British suffragist and benefactor

Clara Evelyn Mordan (28 September 1844 – 22 January 1915) was a British suffragist and benefactor to the Women's Social and Political Union and St Hugh's College, Oxford. Tuberculosis obliged her to fight for women's rights by supporting militant protests by proxy. She hoped that her "last bed will be a coffin some woman has earned her living by making".

==Early life==
Mordan was born in Southwark to a family who owned a company who made propelling pencils. She was the eldest of the two daughters of Augustus and Elizabeth Jane Mordan. Her sister Ada married and had children but Clara was a lesbian who avoided marriage by expressing concern that marriage would mean surrendering the control of her money to her husband. Her attentions turned to the cause of women's rights. She was inspired by a lecture by John Stuart Mill in 1866, which she attended with her father. Mordan was given a lot of financial freedom by her father and she established her own home and household.

== Suffrage activism ==
After 1880 she joined the London Women's Suffrage Society and the Central Society for Women's Suffrage. Despite suffering from tuberculosis she served on their executive committees, had letterheads made with "Votes for Women" on them, and she was generous with her funding to these causes.

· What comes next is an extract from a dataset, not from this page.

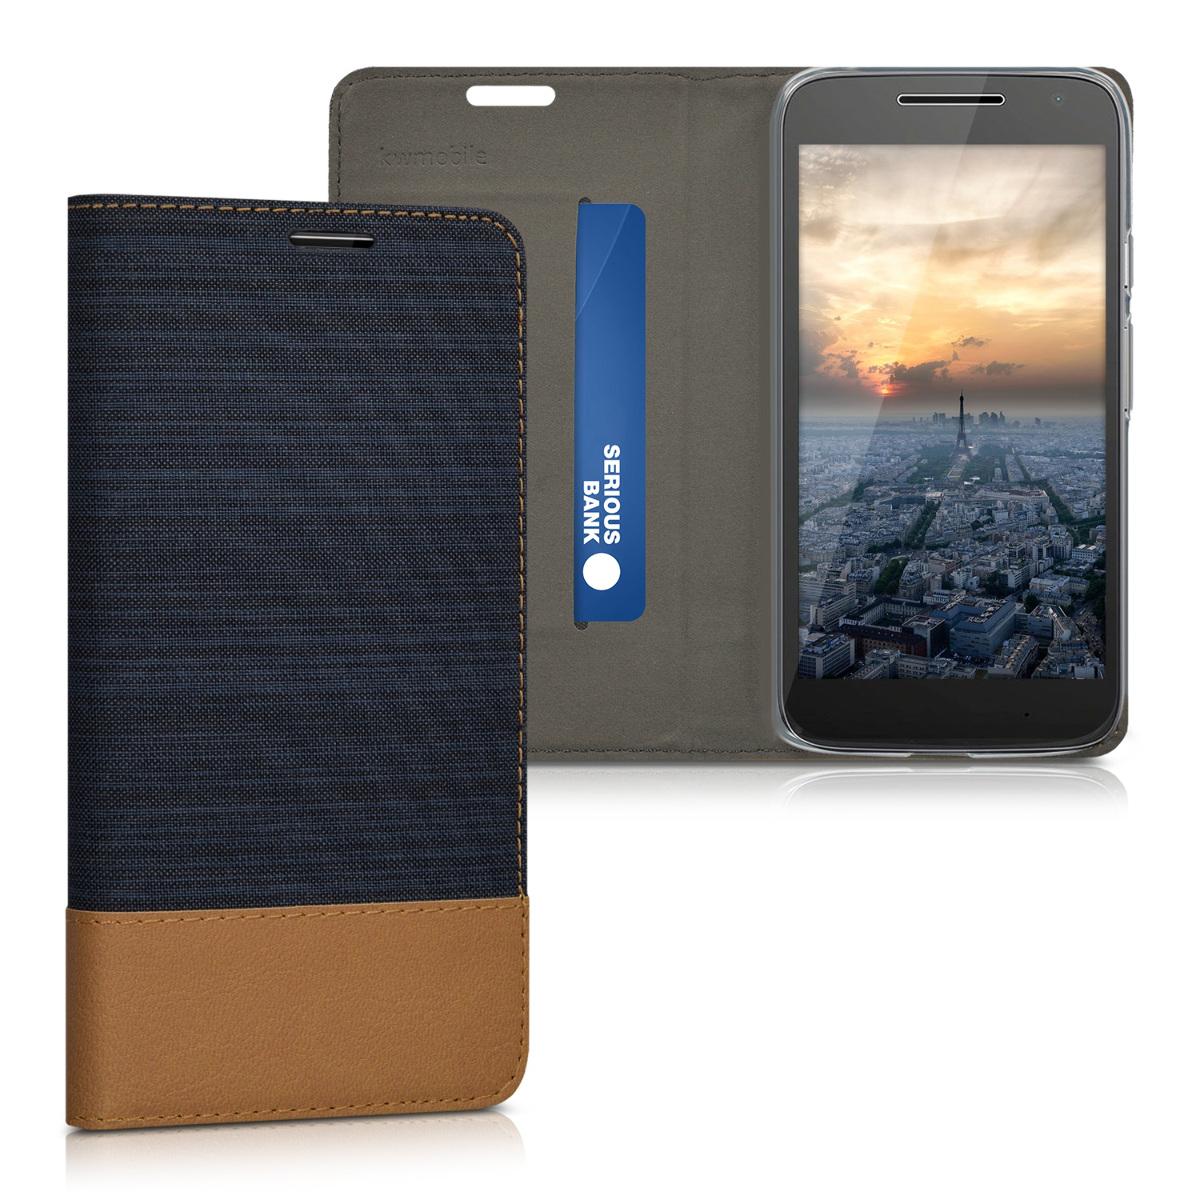 Textilní látkové pouzdro   obal pro Motorola Moto G4 Play - Tmavě modrá / hnědá

1897 saw her second interest develop. She heard a paper read by Annie Rogers in London about the need for better women's education. This was just after a proposal to allow women to be awarded degrees was defeated. Mordan had no formal education; she is thought to have been educated at home by governesses, but she wanted to support the idea. She set out with her partner Mary Gray Allen to decide the best deserving college and St Hugh's College, Oxford was identified. She contracted to supply an annuity of £40 per annum to fund a scholarship on the condition that there was no vivisection involved in the recipients research.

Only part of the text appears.